At the present moment, blockchain startups are now primarily focusing on VCs to raise funds after the ICO market collapse incident. However, the same has become more challenging in the last few weeks with the uncertainty in the atmosphere caused by the COVID-19 impact. Venture capital firms are investing in capital. However, the possibility of a direct face-to-face meeting is nearly impossible. 

Founder and CEO of market data provider Blockfacts, Gustav Christopher Wagner, stated in a recent interview that with the present situation on the run, meetings with potential investors have gone to video conferences, taking into account the physical impossibility of an “in-person” meeting. On the other hand, it is to be underlined that VCs are very much comfortable to have virtual meetings and also to close funding rounds. 

Crypto conferences go virtual

With the beginning of the pandemic, various National and International conferences that proposed to held at various locations were canceled. Though this might not affect the industry as a while, it will have a notable financial impact in the short-run. Those people who are still interested in participating in such conferences always have the option of a Virtual Conference. 

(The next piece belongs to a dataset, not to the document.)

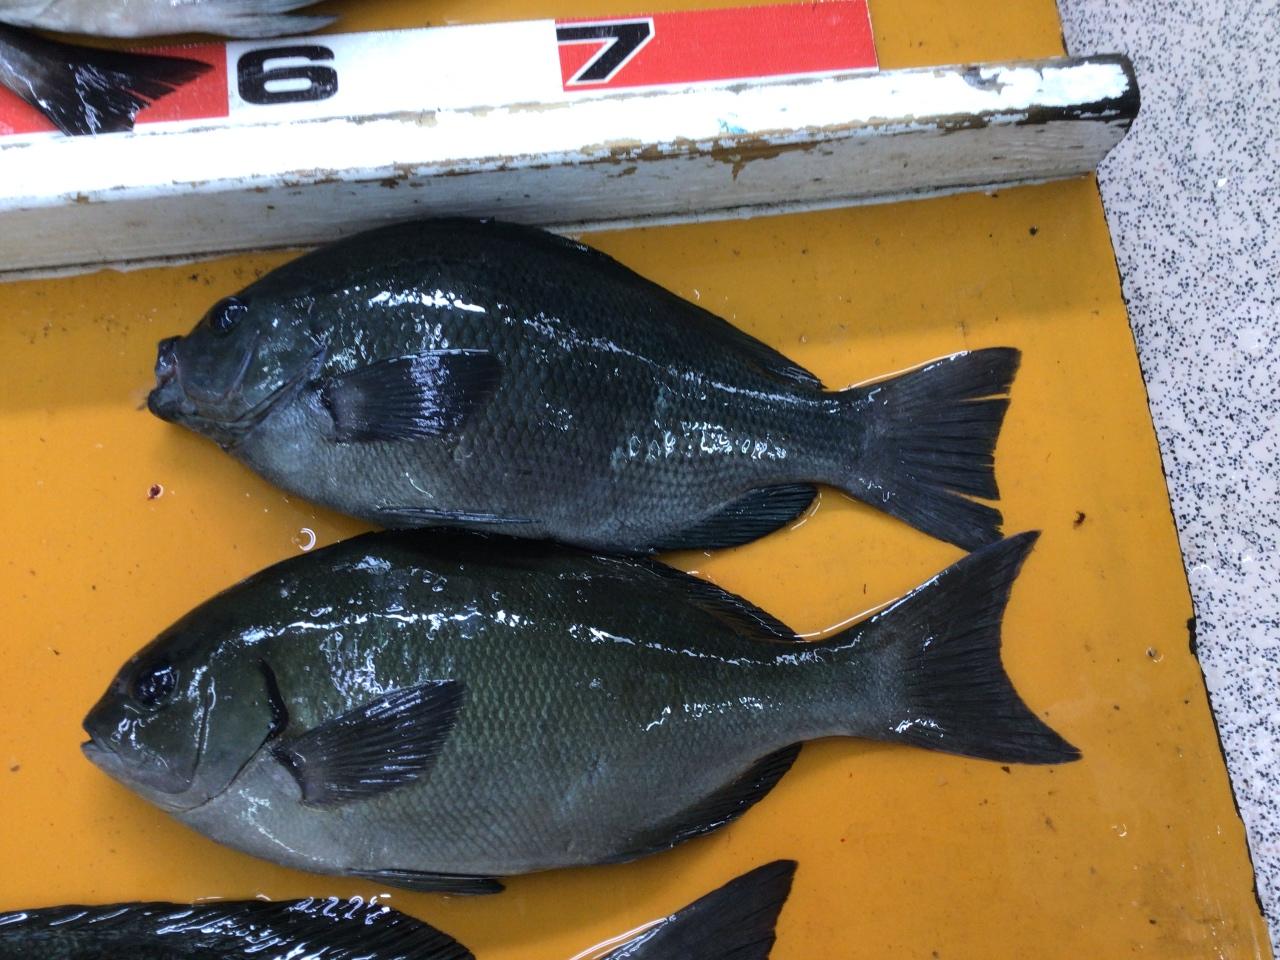 この魚の違い分かりますか? 同じように見えますが別種類の魚です。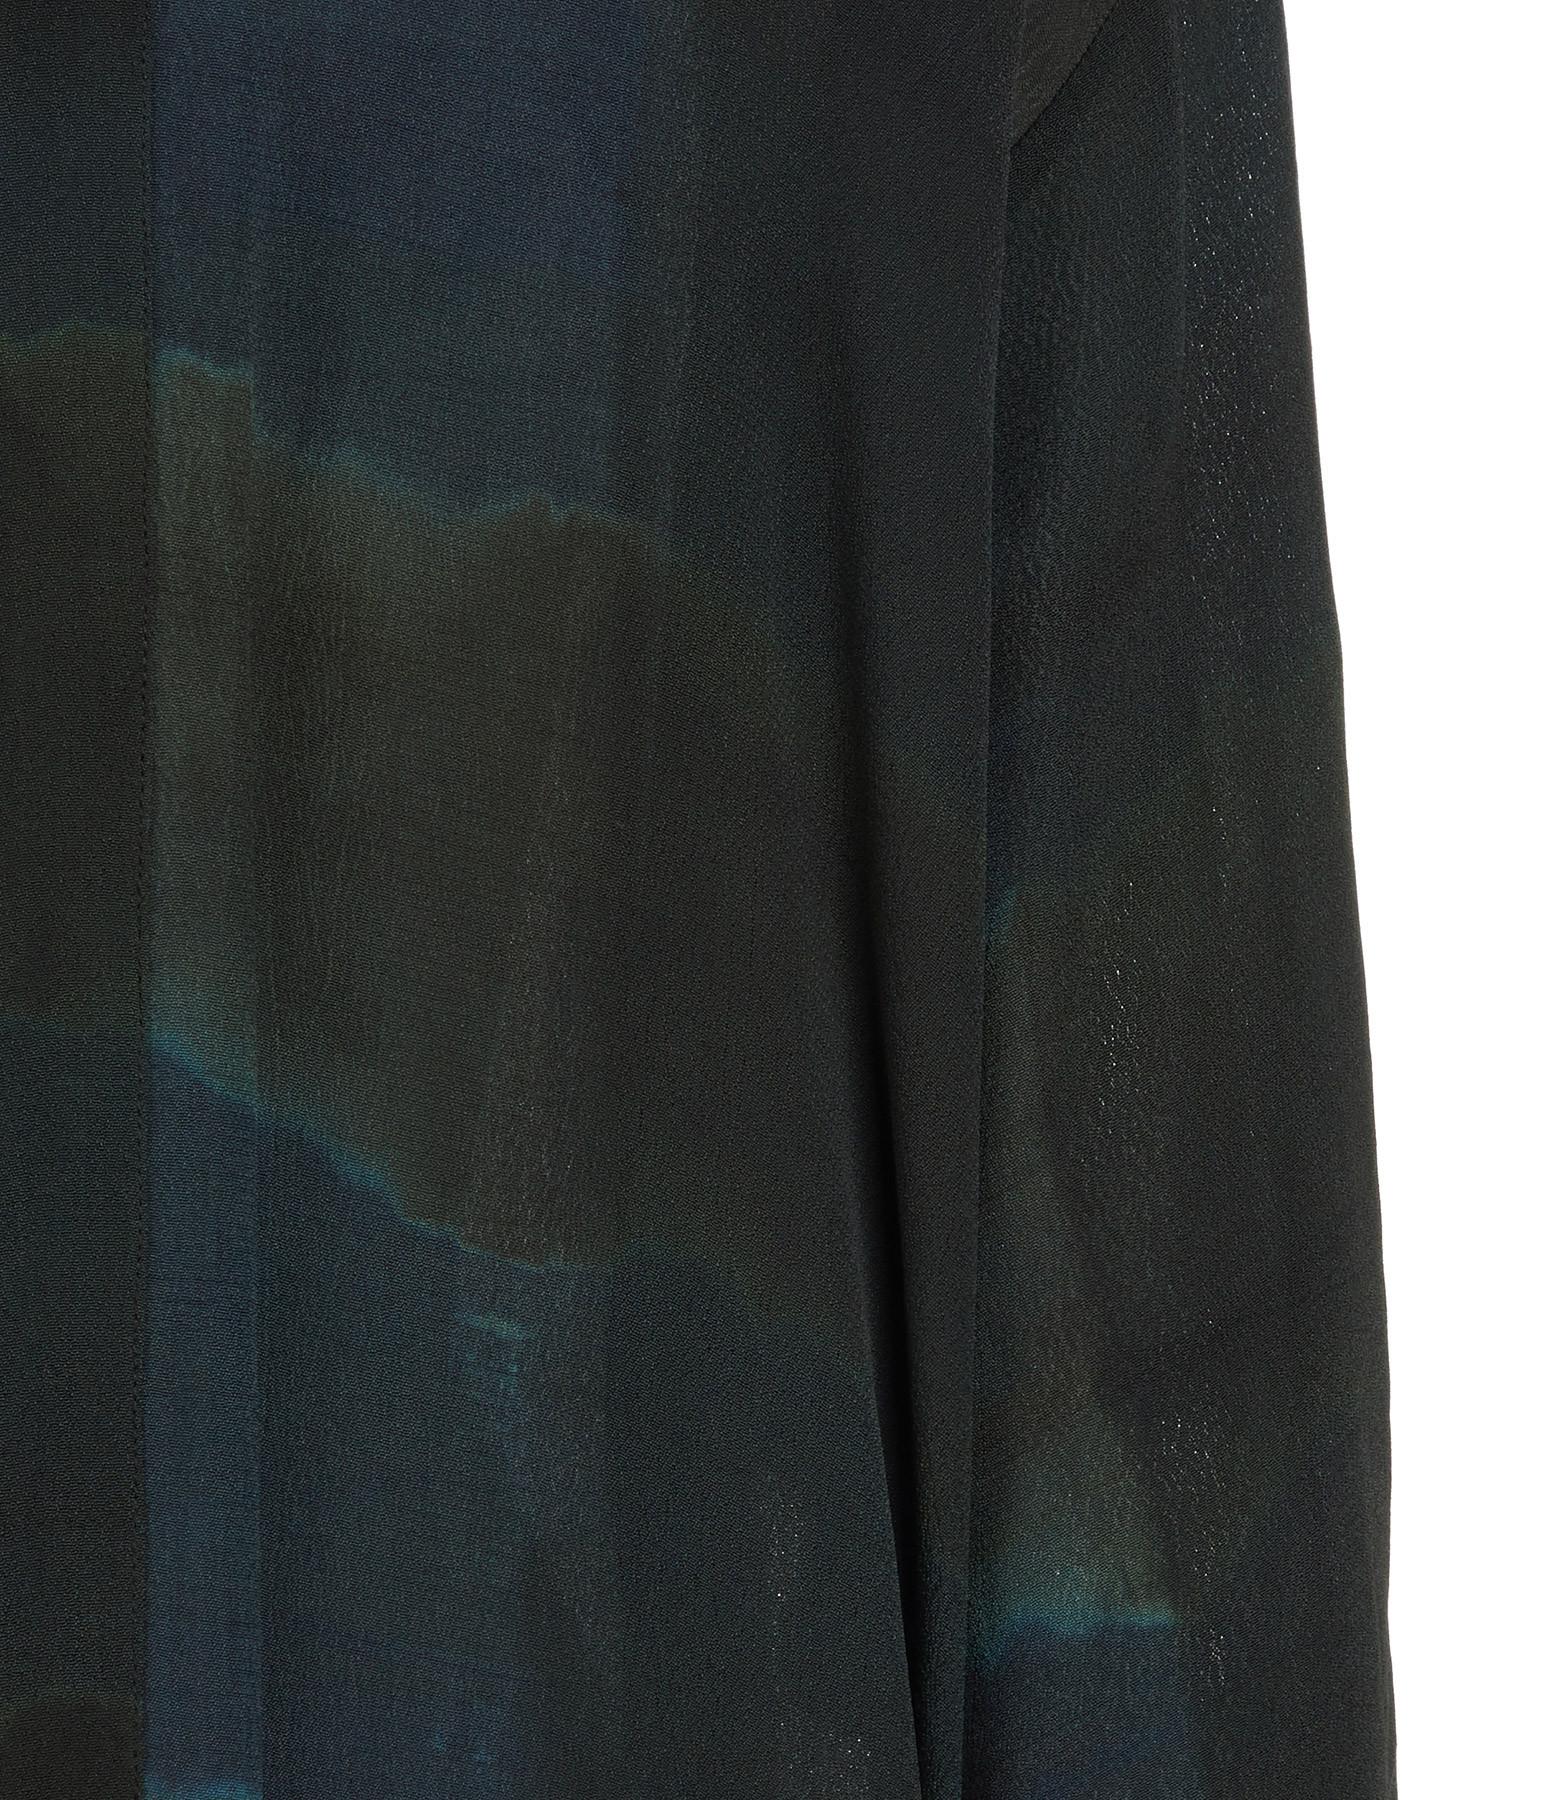 NOUS - Kimono Cléo Crèpe Gris Bleu Nuit

Remote working: A boon or a Burden?

On the bright side, remote working has been considered to be a viable option by many blockchain startups and crypto projects as a result of their distributed nature of work. In fact, when most of the industries are suffering throughout the crisis, it can be claimed that the crypto-asset sector is arguably one of the most appropriate and well-equipped industries to tackle effective communications across different time zones with maintaining productivity and managing teams simultaneously remotely.

Time for Stablecoins 

Keeping the above-mentioned factors apart, it is to note that the stablecoin usage rate has increased to notable levels during the recent weeks. According to reports, The two leading dollar-backed stablecoins Tether USD (USDT) and USD Coin (USDC) noticed to have seen substantial inflows. Adding on to that, even smaller coins, such as Binance USD (BUSD) and Paxos Standard (PAX), have also witnessed inflows and are noted to have moved up the digital asset rankings.